▶ [Try it]: Please set down exactly the lines from the one that contains "Half-Square Triangle Sampler Quilt" through the end of the material, leaving out every picture.

▶ [Data extract]:

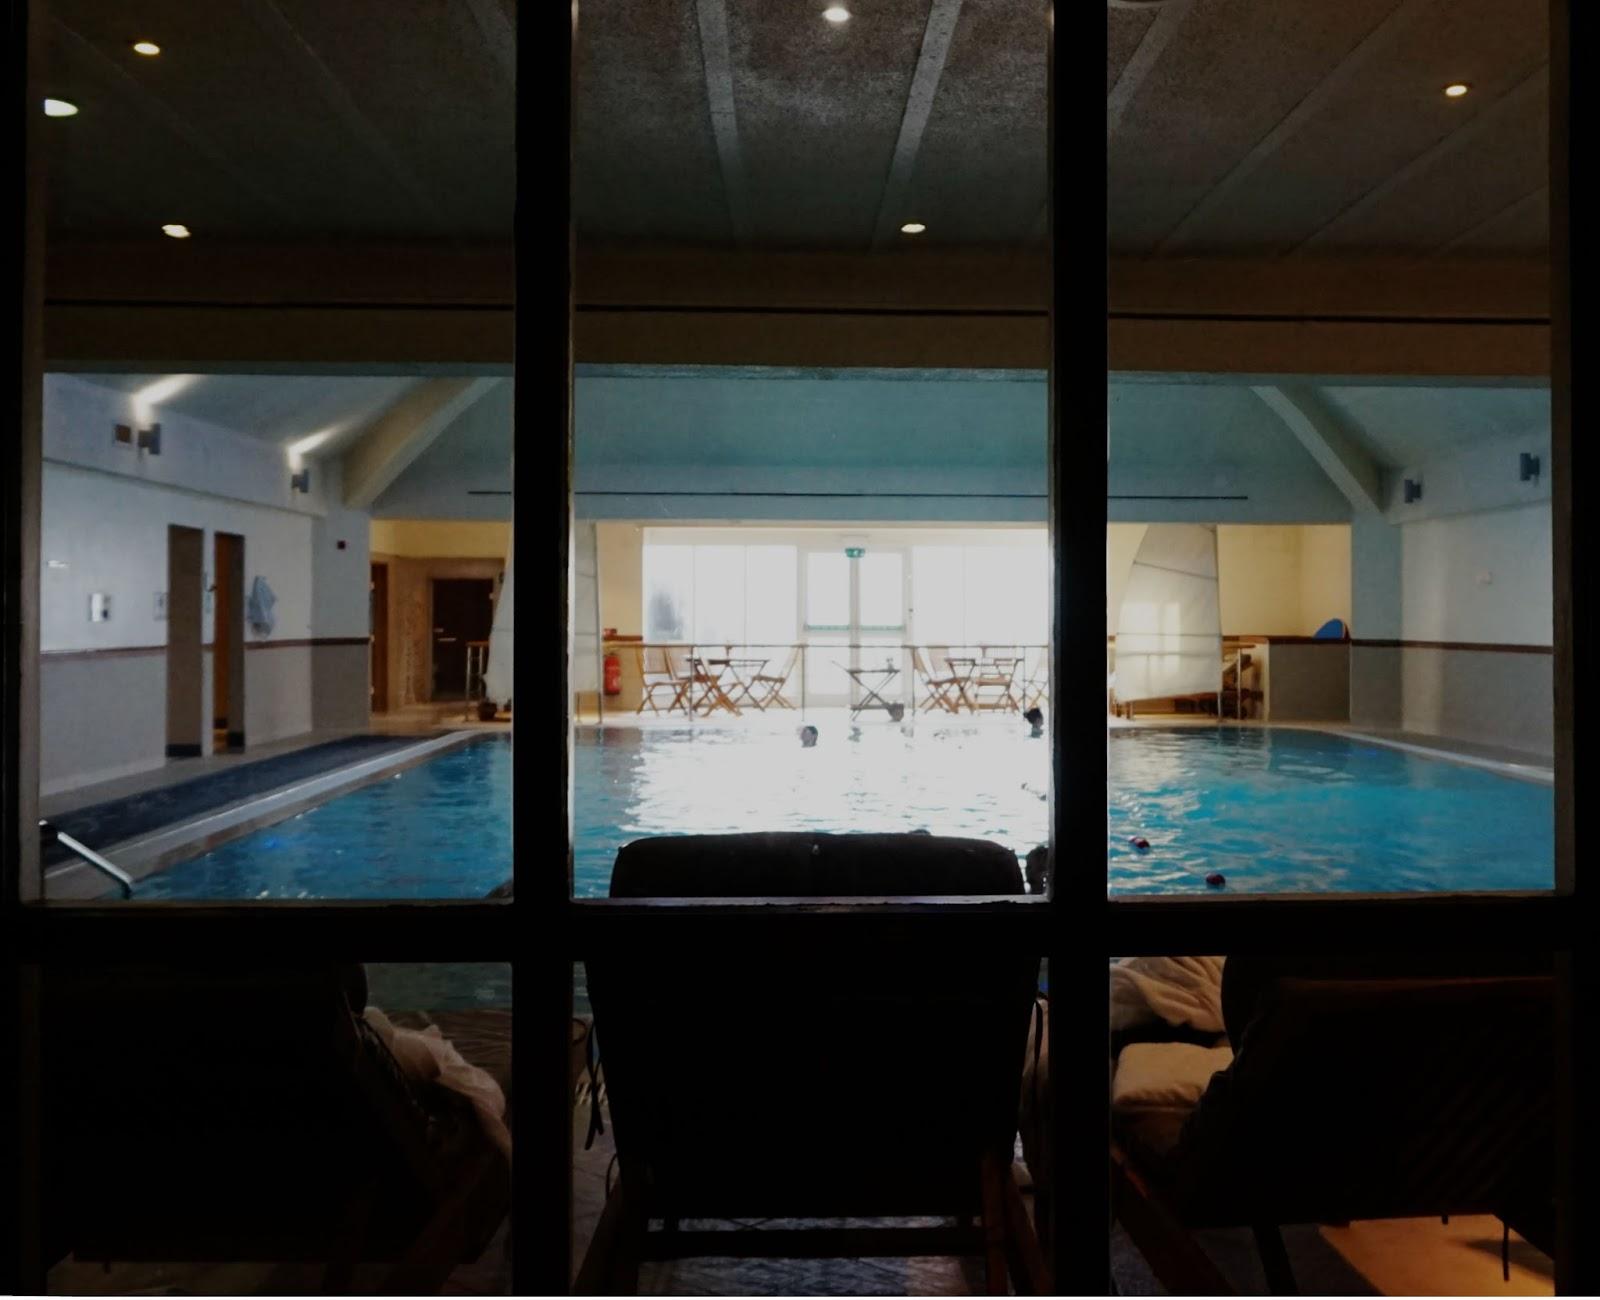 bristol aztec hotel and spa swimming pool spa area
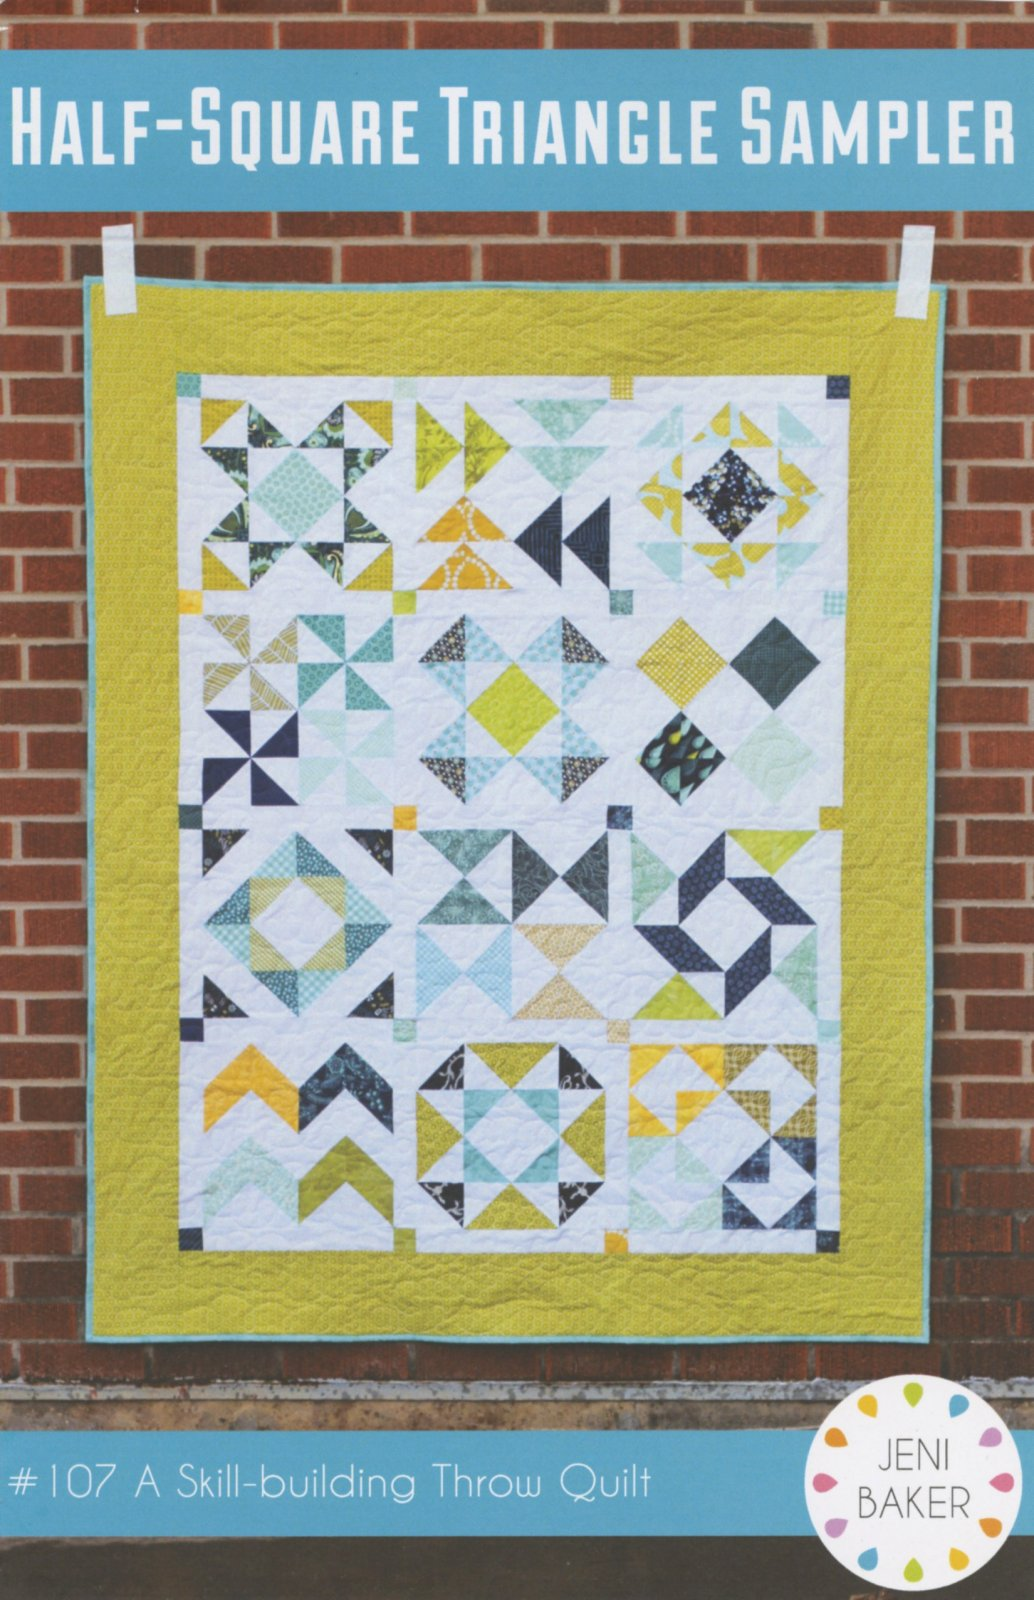 Half-Square Triangle Sampler Quilt
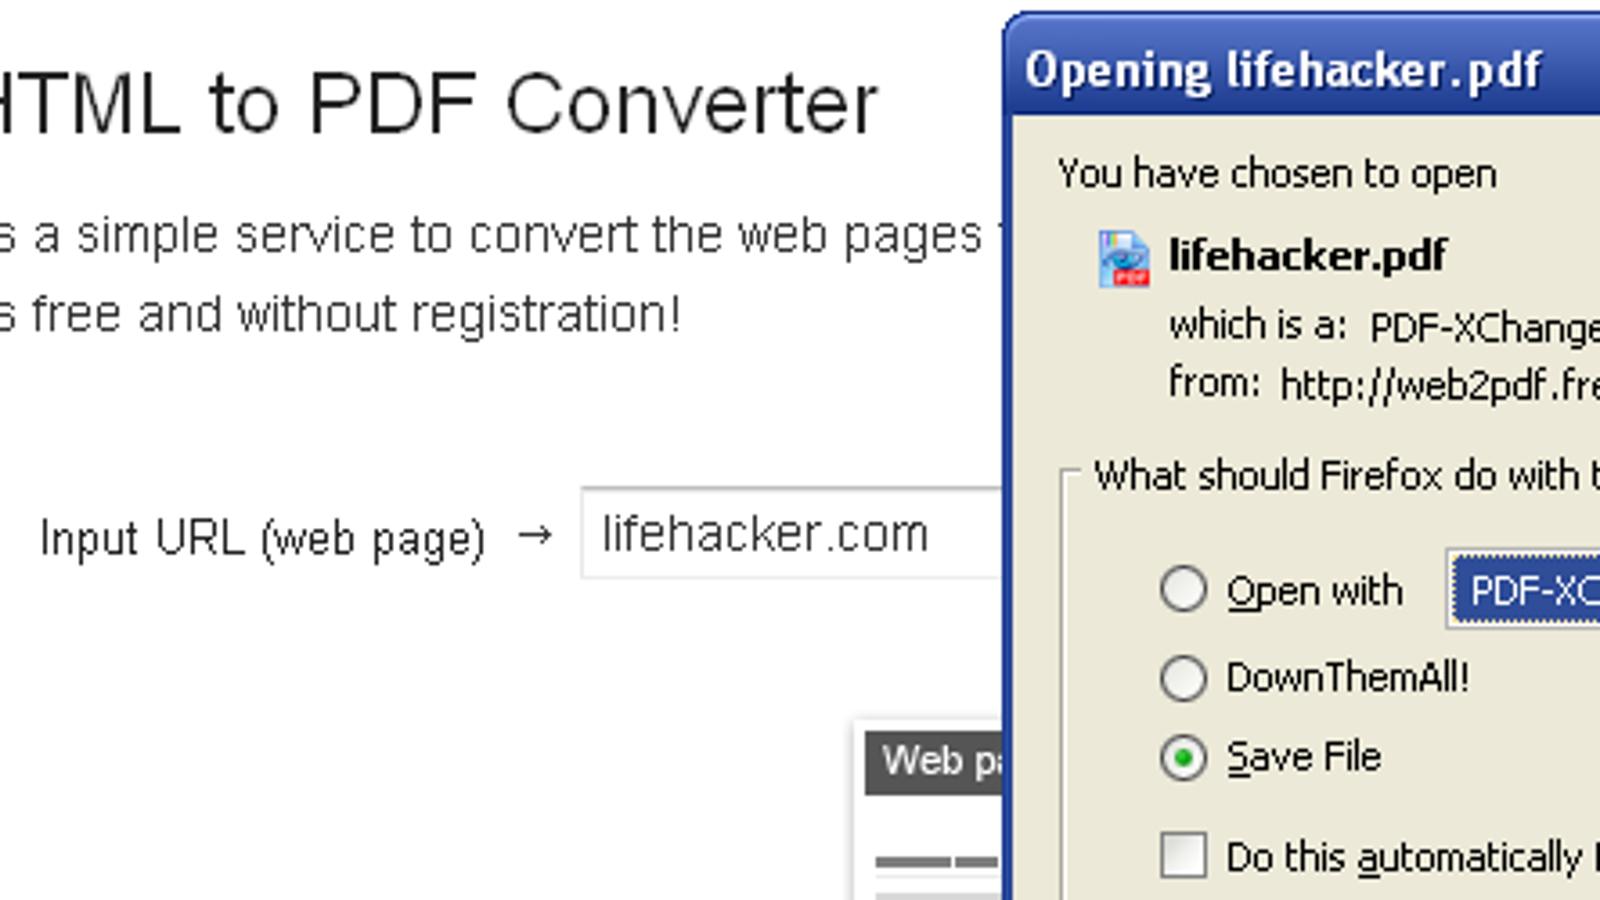 HTML to PDF Converter Turns Web Sites into PDF Files

▶ [Answer to this task]:
 Half-Square Triangle Sampler Quilt
 HTML to PDF Converter Turns Web Sites into PDF Files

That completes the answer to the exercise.